Trying to understand the behaviour for clustering on results of `find_matches_to_new_records` #2282

bpandey-CS · 2024-07-23T15:56:48Z

bpandey-CS
Jul 23, 2024

Hi,

I have a given set of gold records on which I am trying to find matches for incoming incremental records, an example of the code i am looking at would be :

import duckdb
import pandas as pd

from splink.duckdb.comparison_library import exact_match, levenshtein_at_thresholds
from splink.duckdb.linker import DuckDBLinker

con = duckdb.connect(":memory:")

# let's assume this is my given set of gold records
data_golden = [
    {"unique_id": 1, "first_name": "John", "surname": "Smith", "dob": "1980-01-01"},
    {"unique_id": 2, "first_name": "Lucy", "surname": "Jones", "dob": "1997-08-23"}
]
df_golden = pd.DataFrame(data_golden)

settings = {
    "link_type": "dedupe_only",
    "blocking_rules_to_generate_predictions": [],
    "comparisons": [
        exact_match("surname"),
        levenshtein_at_thresholds("dob", 1),
    ],
    "retain_matching_columns": True,
    "retain_intermediate_calculation_columns": True,
    "sql_dialect": "duckdb",
    "linker_uid": "gpc7s0jw",
    "probability_two_random_records_match": 0.0001
}
linker = DuckDBLinker(
    df_golden, settings, connection=con
)

After we initialize out linker i define/get my incremental records and try to find

data_new = [
    {"unique_id": 3, "first_name": "John3", "surname": "Smith", "dob": "1980-01-01"},
    {"unique_id": 4, "first_name": "Jon1", "surname": "Smith", "dob": "1980-01-01"},
    {"unique_id": 5, "first_name": "Lucy1", "surname": "Jones", "dob": "1997-08-23"},
    {"unique_id": 6, "first_name": "Nancy", "surname": "Webber", "dob": "1997-08-23"},
    {"unique_id": 7, "first_name": "Martha", "surname": "Webber", "dob": "1997-08-23"},
]

df_new = pd.DataFrame(data_new)

df_inc = linker.find_matches_to_new_records(df_new, blocking_rules=[])
df_inc.as_pandas_dataframe().sort_values("match_weight", ascending=False)

here the output df looks very similar to the .predict dataframe:

but when I end up clustering the results are not exactly what I expect

cluster_df = linker.cluster_pairwise_predictions_at_threshold(df_inc, threshold_match_probability=0.3)
cluster_df.as_pandas_dataframe()

instead of showing clusters of incoming records with gold records, as suggested by the output find_matches_to_new_records(where finds records with high match_probabilities), it shows the original gold records in cluster.
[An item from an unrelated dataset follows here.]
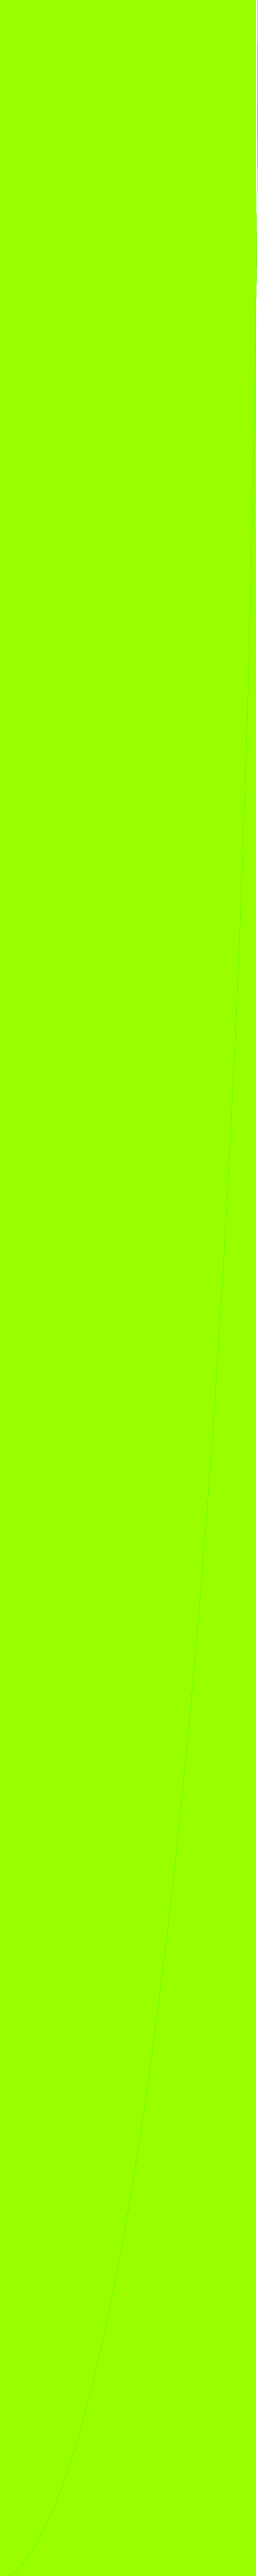 rayon-vert-15000-v2
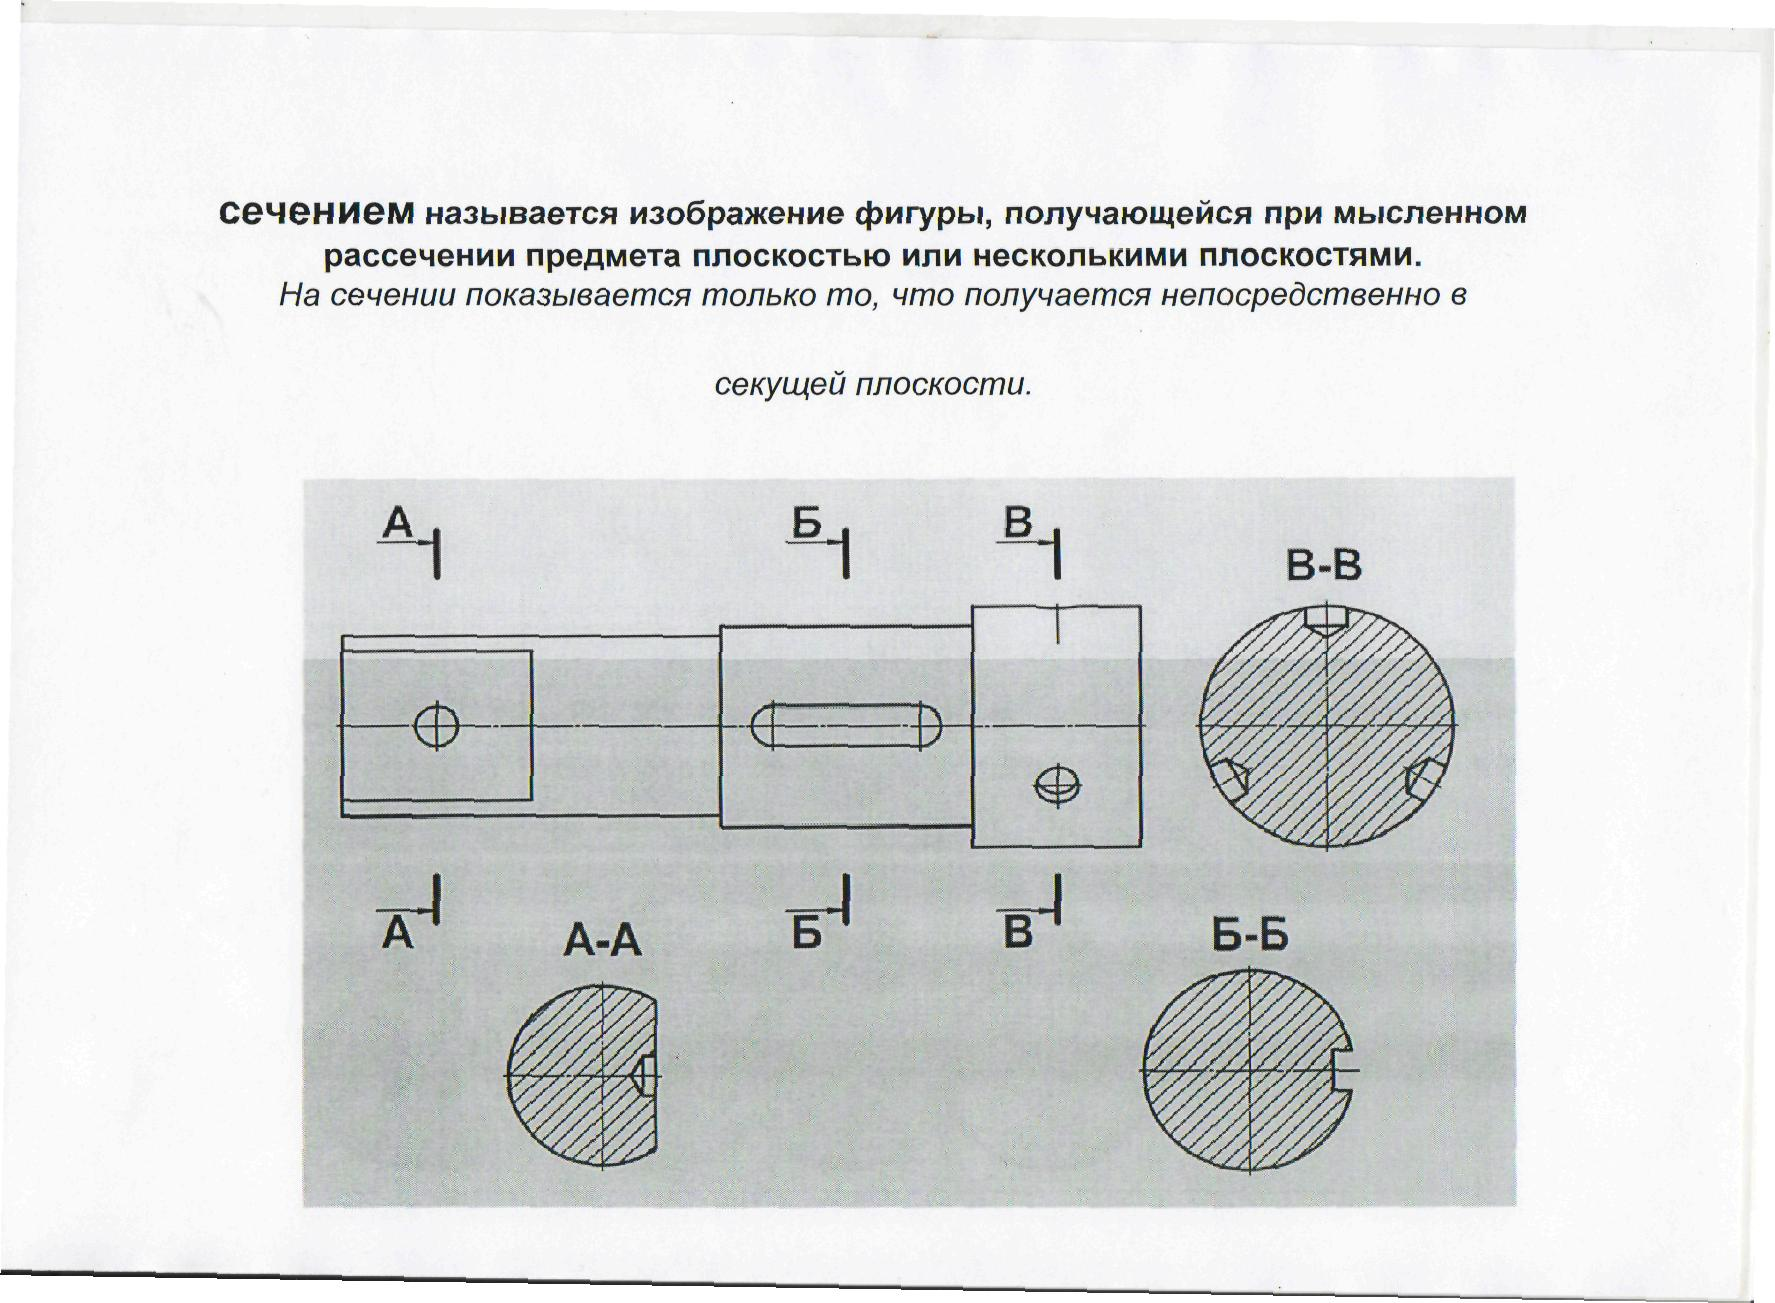 C:\Documents and Settings\1\Мои документы\урок на конкурс 31 октября 2013\8.jpg

Trying to understand the behavior of cluster_pairwise_predictions_at_threshold on the output of find_matches_to_new_records.

Answered by ADBond

Jul 31, 2024

This looks like something of a bug. Having a look at this it seems to be due to the fact that the clustering uses the input data set (in this case the golden records) as a starting point, and along the way there is an assumption that these are the full set of nodes. We are planning to make some behind-the-scenes adjustments to clustering, as well as allowing an option to cluster without a linker, and will definitely keep this in mind so we can remove this issue.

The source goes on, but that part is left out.